The reason for this essay is to consider the merits of deep transverse frictions in the treating acute and serious soft tissue accidental injuries. To accomplish this I have considered an array of research that is conducted into the use of frictions. I've also considered the use of alternative solutions in the treating similar conditions in order to evaluate the potency of deep transverse frictions compared to each one of the other treatment options.

What is profound transverse friction?

Deep transverse friction was developed for the treating soft muscle lesions by the United kingdom osteopath Dr. James Cyriax who postulates that deep transverse friction works well in the reduction of fibrosis and facilitates the formation of strong, pliable scar tissue at the site of healing incidents. Deep transverse friction, which is also called cross-fibre frictioning (CFF), can help alleviate build-up of the crystalline debris that can form between tendons and their sheaths and lead to painful tendonitis. It can also help to offset the introduction of myofascial adhesions and soften those that are already present.

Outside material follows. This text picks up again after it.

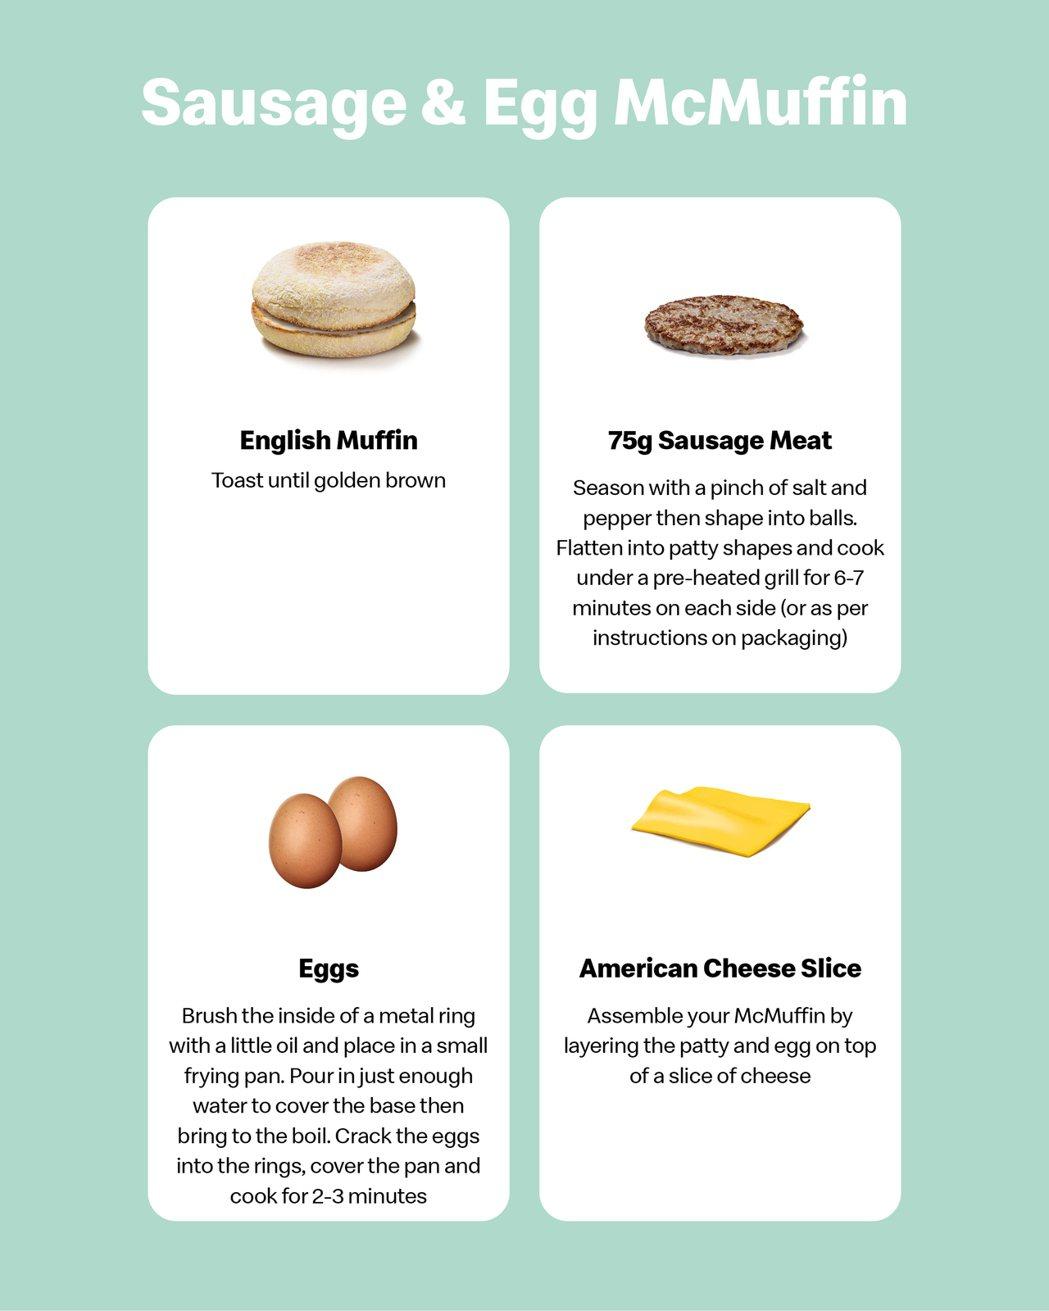 英國麥當勞近期公佈豬肉滿福堡加蛋的食譜。圖/取自McDonald's UK推特

Deep transverse frictions should be administered with a braced finger or thumb moving across the grain of the muscle, tendon or ligament with a profound, non-gliding, friction heart stroke. It is not necessary to use a lubricant as this reduces friction. The therapist's thumb and the client's skin area should move as you over the exact site of the lesion to create a mechanical influence on the cells being cured. The massage must be applied directly over the website of the lesion and at right sides to the fibres, the stroke must also be wide enough to split the fibres without 'missing' over them. The procedure can hurt, but should be conducted within the pain tolerance threshold of the receiver, and really should be started out only with the knowledgeable consent of your client. It is contraindicated during the initial inflammatory level of an severe injury.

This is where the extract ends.